With this transformation, the integral is rephrased using simpler terms making it easier to solve. u-substitution helps in transforming difficult integrals into a form that matches basic integration rules.

definite integration

Definite integration involves evaluating the integral with upper and lower boundaries. This results in a numerical value representing the area under the curve for the given interval.

• It is performed in two primary steps: first, find the antiderivative using indefinite integration.
• Secondly, apply the Fundamental Theorem of Calculus by plugging in the boundary limits into the antiderivative function, and finding their difference.

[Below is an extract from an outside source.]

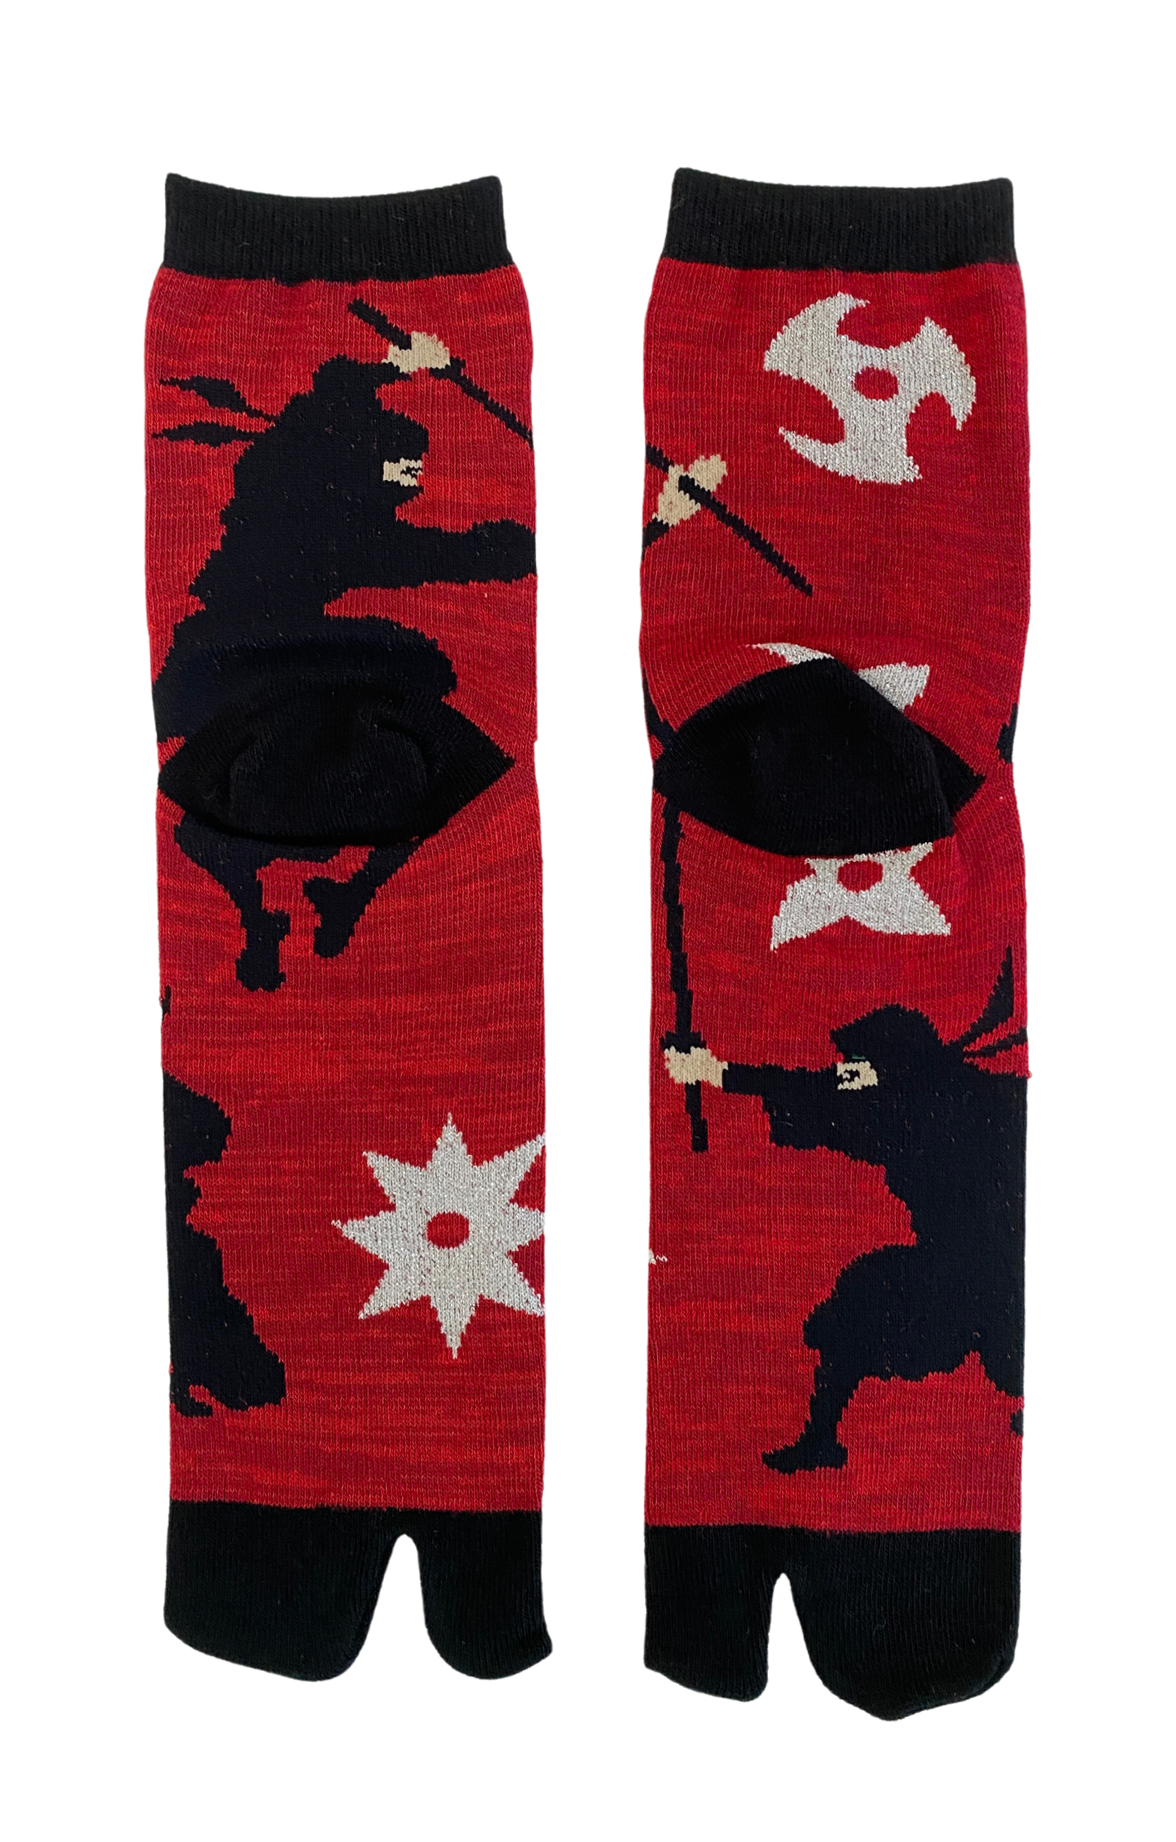 5390 ninja tabi socks red made in japan

Definite integrals are essential in calculating areas, volumes, and other physical quantities. Though the original problem does not specify bounds, the method outlined is crucial when such limits exist. Remember, with definite integration, constants of integration \( C \) are irrelevant as they cancel out when finding the difference between bounds.

indefinite integration

Indefinite integration, often referred to simply as "integration," does not involve limits of integration and results in the general antiderivative of a function plus an arbitrary constant \( C \). In this exercise, we found and combined the antiderivatives:

• The integral \( \int u^{5/3} \, du \) leading to \( \frac{3}{8} u^{8/3} \).
• The integral \( \int u^{2/3} \, du \) resulting in \( \frac{3}{5} u^{5/3} \).

Adding these, the result is expressed back in the original variable \( x \) after substituting \( u \) back to \( 1-x \). The constant \( C \) reflects that this is a family of solutions, depending on initial conditions. Indefinite integrals play a key role in understanding the relationship between functions and their rates of change.

integration by parts

Integration by parts is another technique used to integrate products of functions. While not used explicitly in this problem, it's valuable to understand its role. The idea is based on the formula:

• \( \int u \, dv = uv - \int v \, du \)
• This method decomposes the product into simpler parts, choosing \( u \) and \( dv \) such that the resulting \( du \) and \( v \) make the integral easier to compute.

To effectively apply, select \( u \) as a function that simplifies when derived, and \( dv \) as a function easy to integrate. Although integration by parts wasn't directly applied here, it’s a complementary technique to keep in mind when tackling more complex integrals, often used alongside u-substitution to simplify multi-layered integrals.